By NV Energy’s own admission, its employees achieved 56.9% of their goals in 2022, but the utility nevertheless paid workers 95% of the bonus pay, amounting to $5.7 million.
“Allowing a full STIP payout at 95% even though only 56.94% was achieved is akin to a college student getting an A for attendance despite the fact that the same student’s performance on his classwork and testing merited an F,” Senior Deputy Attorney General Whitney Digesti wrote in the BCP’s petition.
The BPC argues that data presented to the Commission for 2022 reflects increased complaints from NV Energy customers and “abandoned calls skyrocketing.”
In December, Cordova, based on a recommendation from the BCP, issued an order that customers would pay 56.9%, or $3.25 million toward the bonus pay.
“…it appears that NPC (Nevada Power Company) has created an employee expectation that the STIP will be funded at or near 100%, regardless of the corporate scorecard achievement,” Cordova wrote. “The Commission agrees with Staff that this negates the STIP’s proposed purpose of being variable at-risk compensation that has to be re-earned every year. The Commission finds that NPC’s request to recover 95% of STIP in rates creates a situation where ratepayers are being asked to pay for STIP costs that do not have corresponding, measurable ratepayer benefits.”
Cordova went on to say the current scheme renders STIP “a second form of base pay and removes the incentive for employees to go above and beyond to earn a higher STIP payment.”
Days later, Lombardo’s new appointee Brown drafted an order approving recovery of 95% of the STIP amount, despite NV Energy’s own representation that employees merited less, based on a corporate scorecard.
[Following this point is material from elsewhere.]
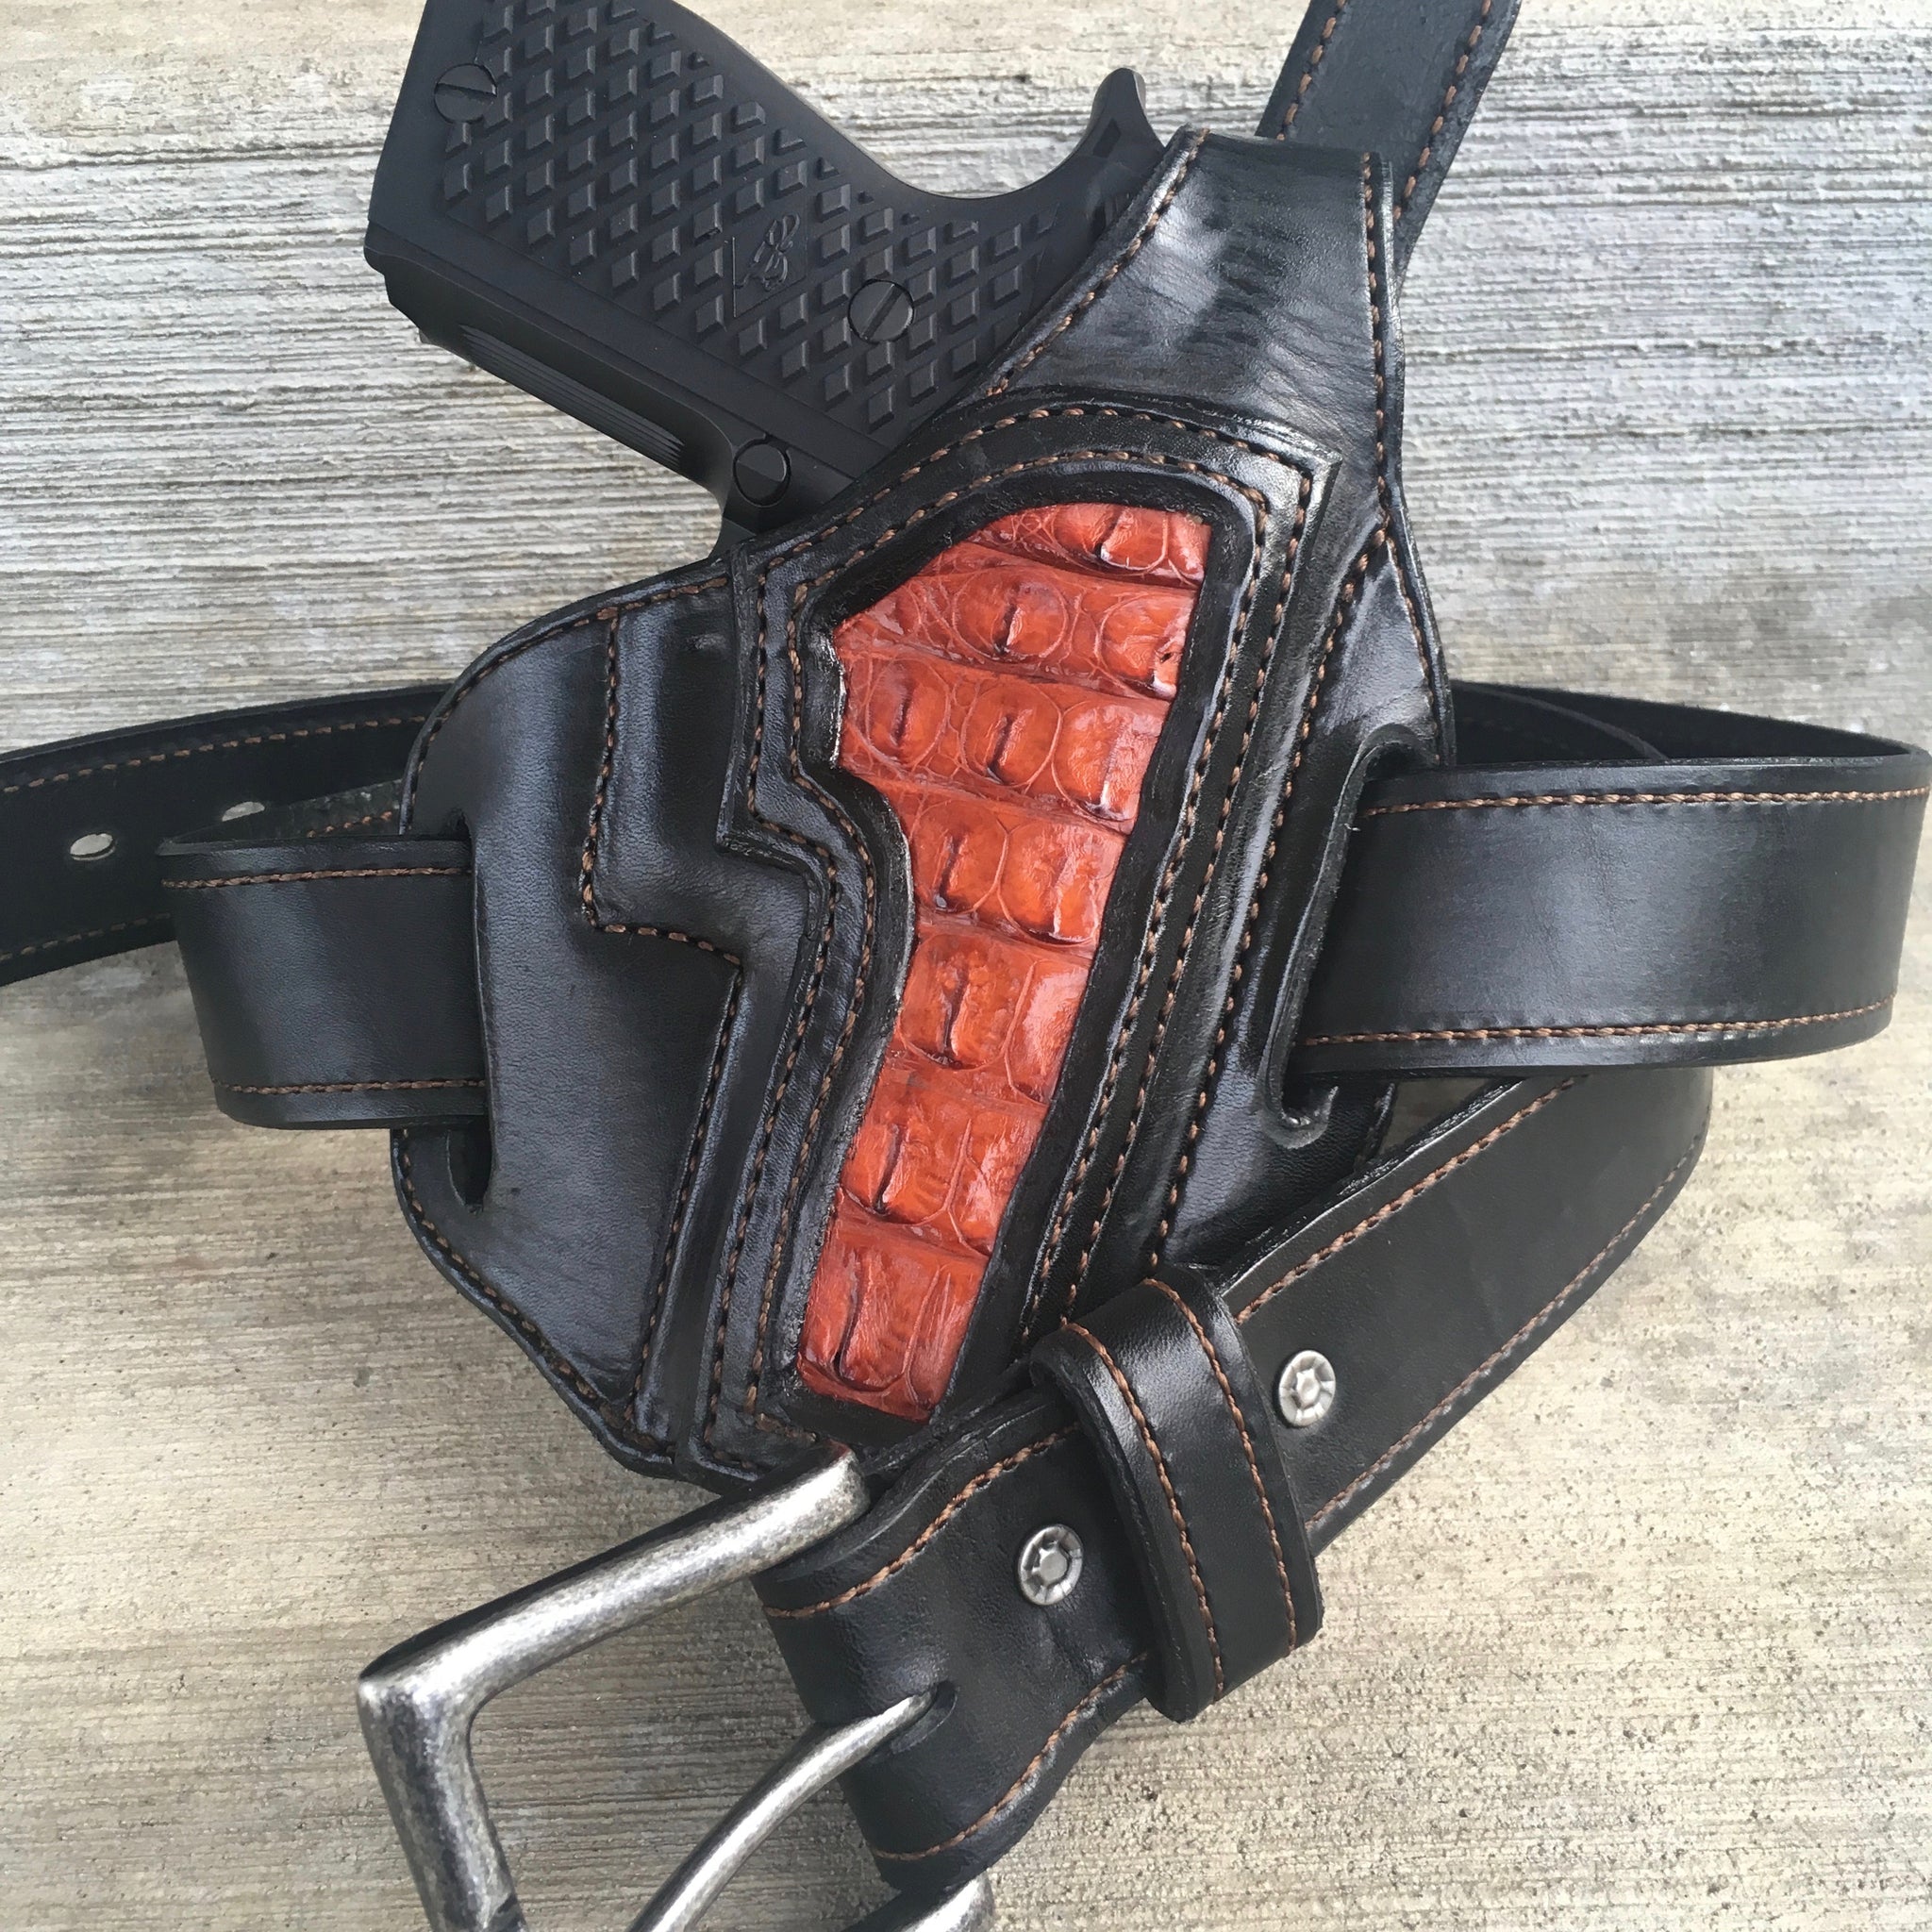 Leather Holster, Chest Holster, Shoulder Holster, Panhandle Red Leather Company, Post Falls, Idaho. Leather Holsters, Leather Shoulder Holsters, Personalized Leather Gifts. Purses, Tote Bags, Leather Belts. USA.

The Commission approved Brown’s amendment.
“Commissioner Brown’s only rationale for his reversal on the STIP issue was his recognition of the ‘current labor environment and staffing issues NPC faces in hiring and retaining front line and customer facing staff…’” the BCP wrote in its petition for reconsideration. “In other words, Commissioner Brown… changed Commissioner Cordova’s order that unearned bonus pay be ordered for all NPC employees at a manager level or below because of ‘staffing issues’ and not based on evidence received during the hearing – a violation of law and mistake of fact.” (Emphasis included)
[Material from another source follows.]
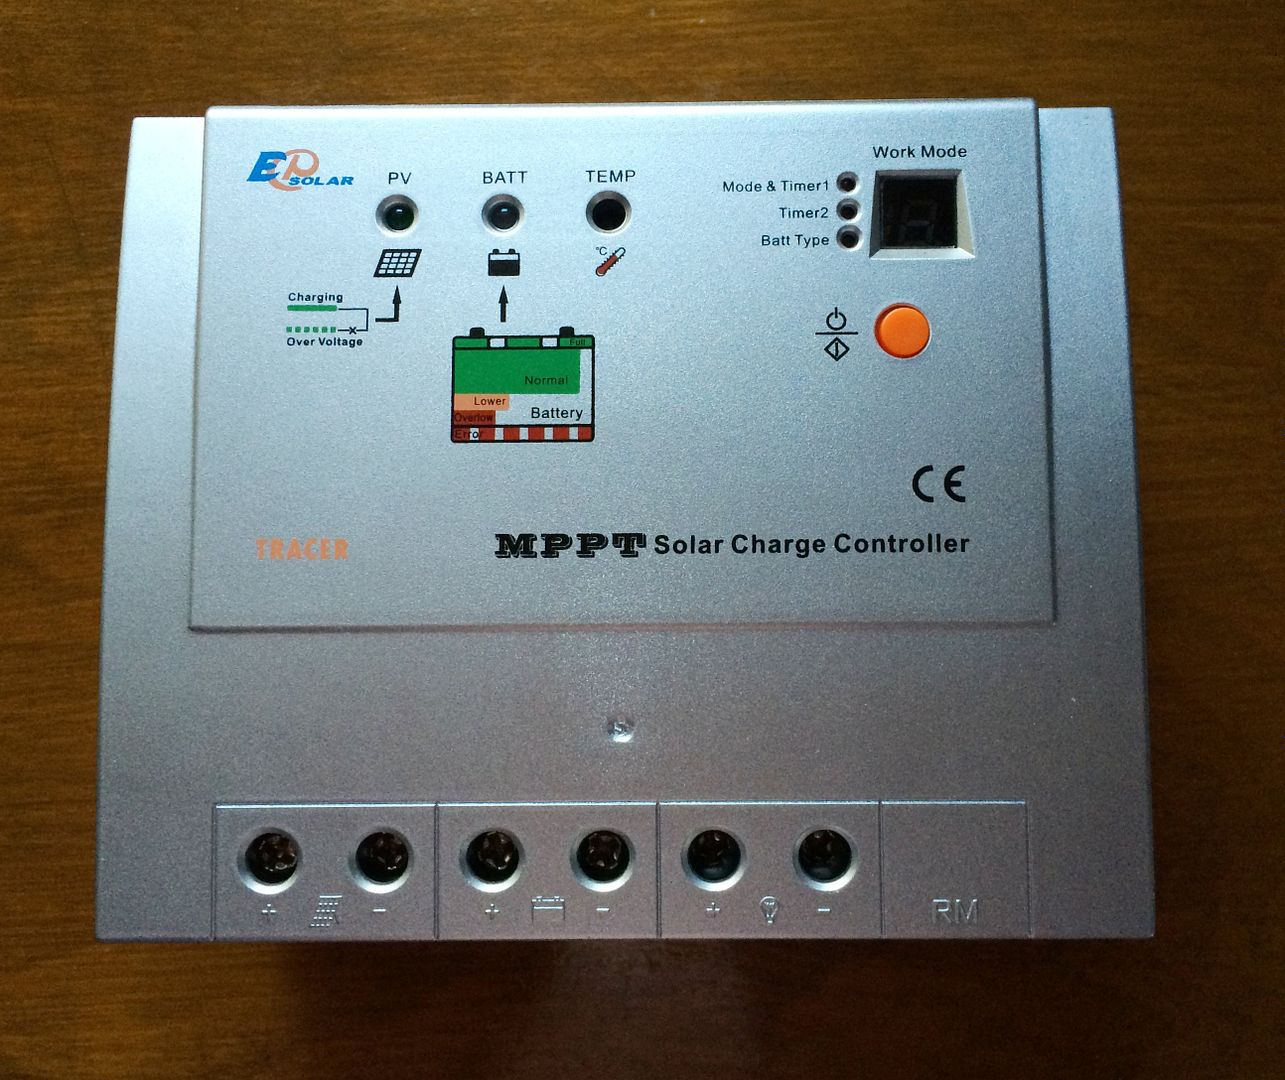 Prior to last week, I was using this MPPT solar charge controller

Brown’s reasoning is “plucked from thin air instead of relying on substantial evidence…” says the BCP’s petition.
“A decision that lacks support in the form of substantial evidence is arbitrary or capricious, and thus an abuse of discretion that warrants reversal,” the BCP argues.
Staff’s petition notes the PUC has broad discretion, bound only by the “legislative directive that rates charged for services provided by a public utility must be ‘just and reasonable’ and that it is unlawful for a public utility to charge an unjust or unreasonable rate.”
NV Energy has already paid employees the 96% bonus, the BCP notes, adding the commission’s order only causes the utility to charge “…customers for this unearned bonus pay – further showing that the allowance will in no way, assist with retention.”
The BCP says the order is “biased in favor of the company at a time NPC ratepayers are already struggling with high utility bills”
July 2023 energy bills for single family homes increased 70% to an average of $407, the BCP wrote, citing news stories, and added that testimony to the Nevada Legislature indicated customers in Southern Nevada paid 54.2% or $844 a year more for electricity in 2022 than in 2021.
On Wednesday, Nevadans at a session for consumer comment called by NV Energy in preparation for its Integrated Resource Plan to be filed in June, complained that electricity has become unaffordable for some residents.
Dr. Mary House of Mountaintop Faith Ministries said she’s “borne witness to the hardships and inequality” of high electricity costs, describing residents who are “sleeping with socks, and sleeping with extra blankets, sleeping with house coats” because they can’t afford to heat their homes.
It’s unknown if or when the PUC will take up the petitions for reconsideration. Nevada Administrative Code renders petitions denied if the Commission takes no action within 40 days. A party may appeal a denial to District Court.